Der Biberacher CDU-Abgeordnete Thomas Dörflinger verspricht den
Kommunen Hilfe. Die Mobilitätsgarantie koste sehr viel Geld. „Bei der Finanzierung dieser großen Aufgabe darf das Land die kommunale Seite nicht im Regen stehen lassen.“Seine Fraktion werde darauf achten, dass deren Vertreter in die weiteren Gespräche eingebunden würden.

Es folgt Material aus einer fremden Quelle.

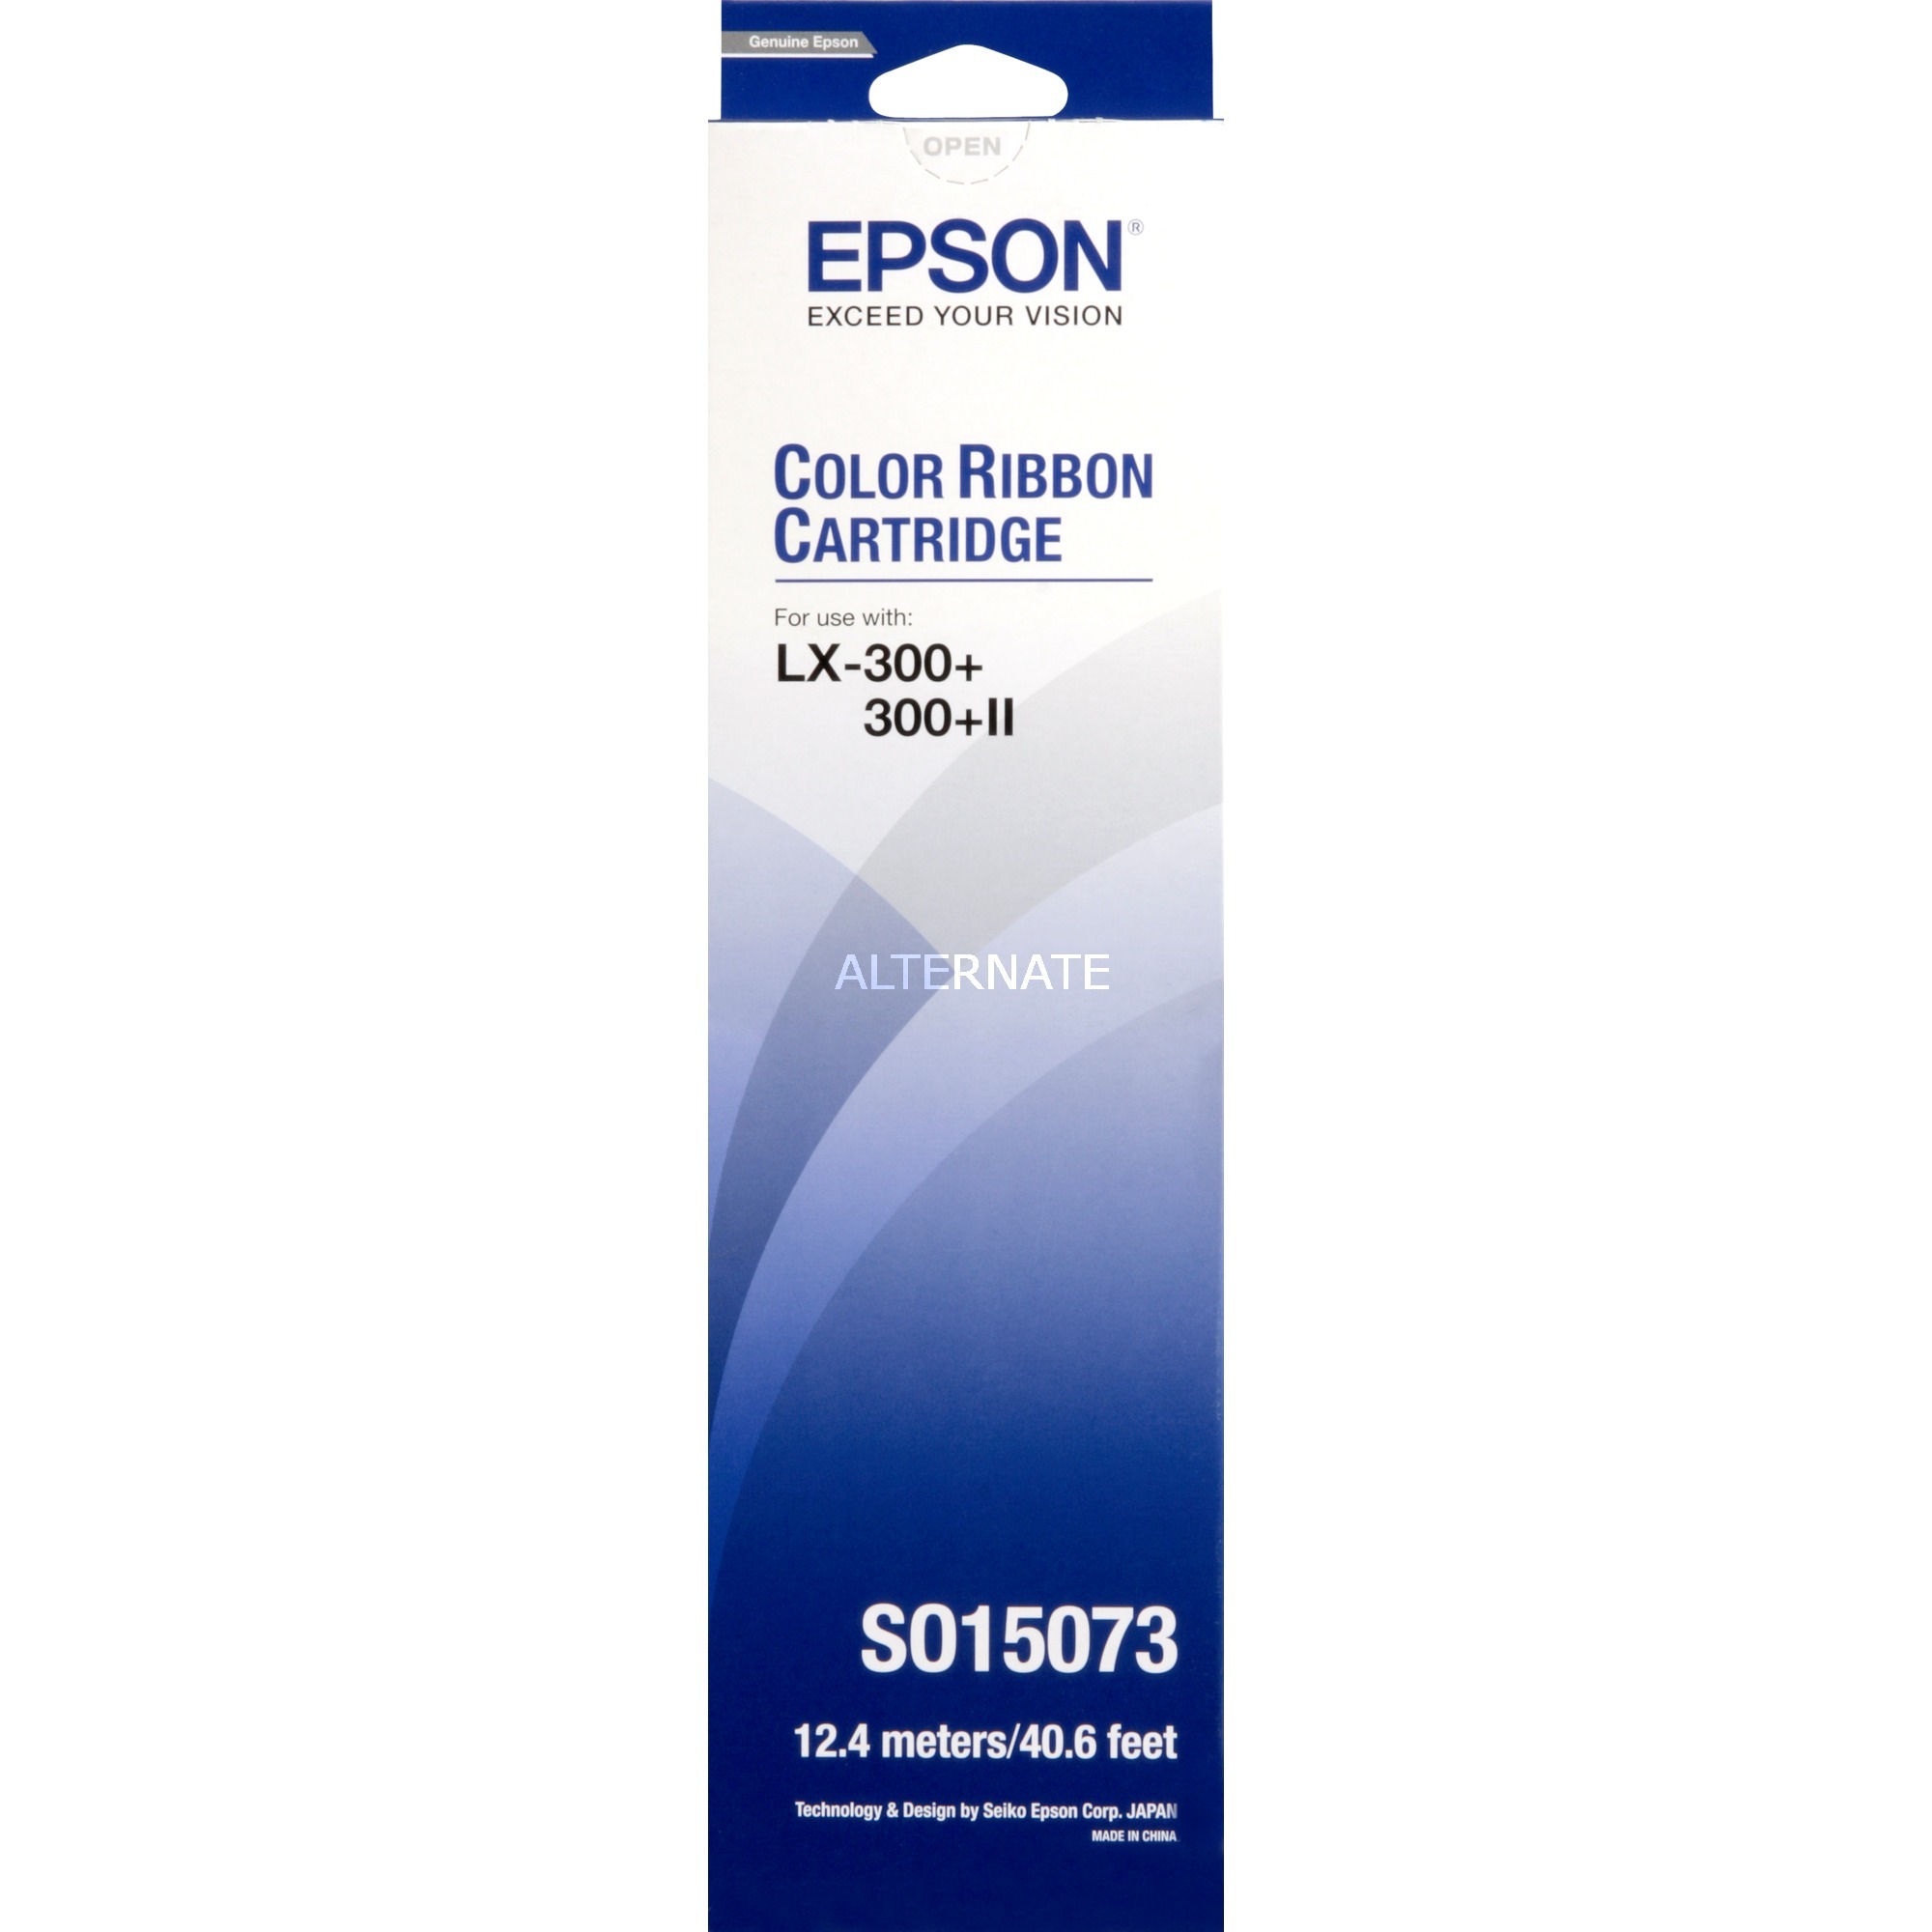 EPSON LX-300 Color Ribbon
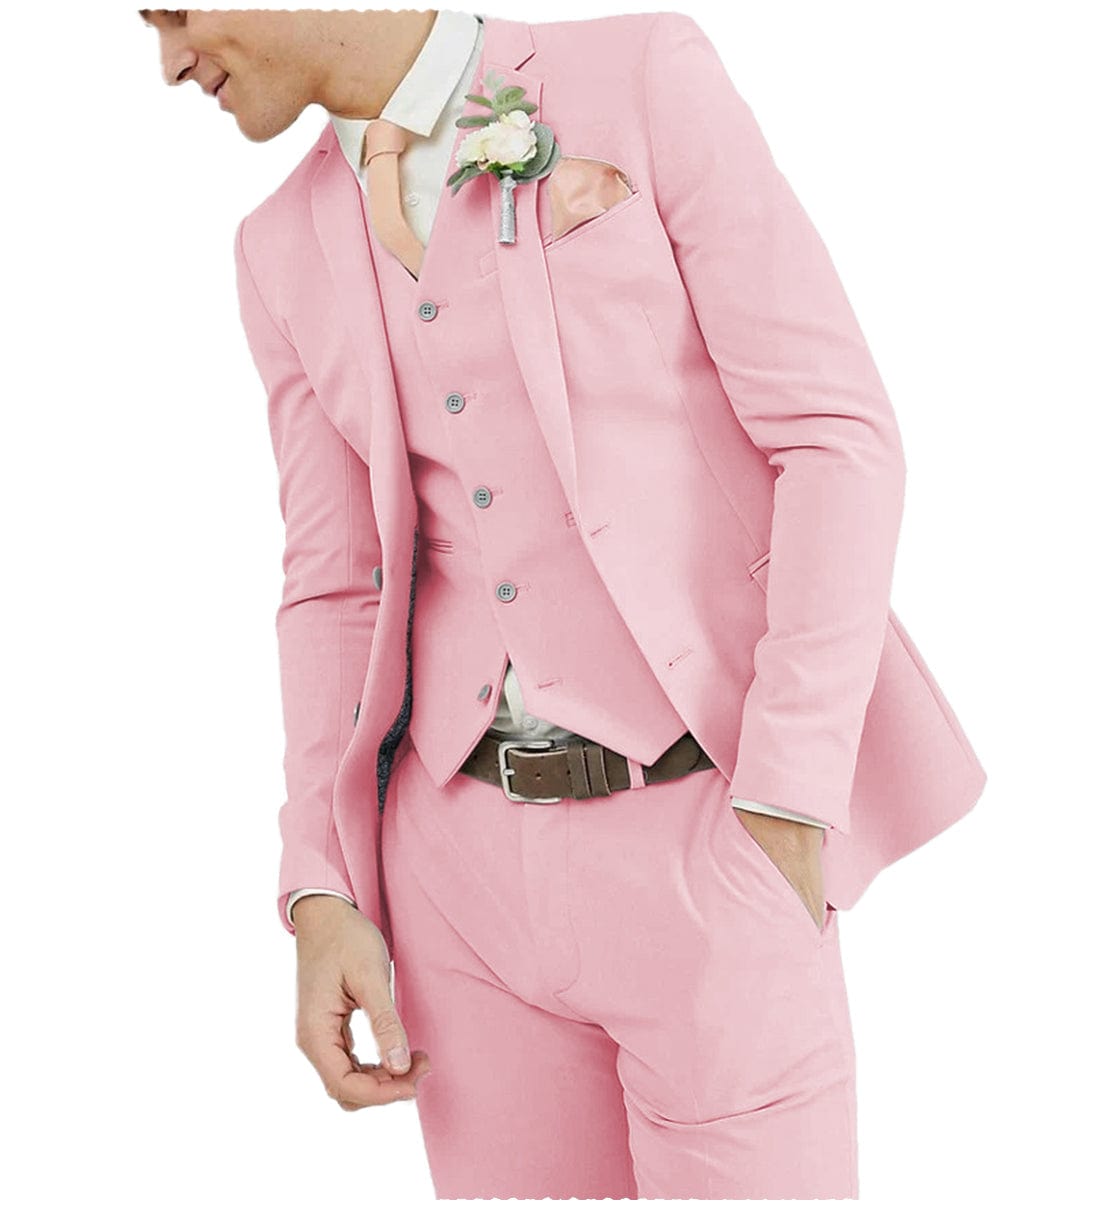 ceehuteey Formal 3 pieces Mens Suit Blazer For Wedding (Blazer+ Vest +Pants)

Wie teuer der Pass für die Bürger wird, steht noch nicht fest. Das Verkehrsministerium verweist aber auf eine Studie, die im November vergangenen Jahres vorgestellt wurde. Als Modellkommunen hatten Stuttgart, Tübingen, Bad Säckingen und Heidelberg/Mannheim verschiedene Optionen durchgerechnet. Tübingen hatte beispielsweise ausrechnen lassen, wie ein Nulltarif im Nahverkehr für alle finanziert werden könnte. Ergebnis: Die Abgabe würde dann 17 Euro je Einwohner betragen beziehungsweise 57 Euro je Autohalter. Oberbürgermeister Boris Palmer (Grüne) zeigte sich danach überzeugt, dass ein Mobilitätspass „große Verbesserungen“ermöglichen könne, wenn er auf eine möglichst breite Basis gestellt wird.
Auf die Einführung dieses Finanzierungsmodells wollte der Tübinger OB aber nicht warten. Da das Instrument noch nicht verfügbar sei, werde man zunächst die Parkgebühren erhöhen, kündigte Palmer bei der Vorstellung der Studie an. Das ist inzwischen geschehen: Im Juli hat Tübingen die Gebühren für das Anwohnerparken drastisch angehoben – große Autos wie SUVs zahlen künftig das zwölffache des bisherigen Preises.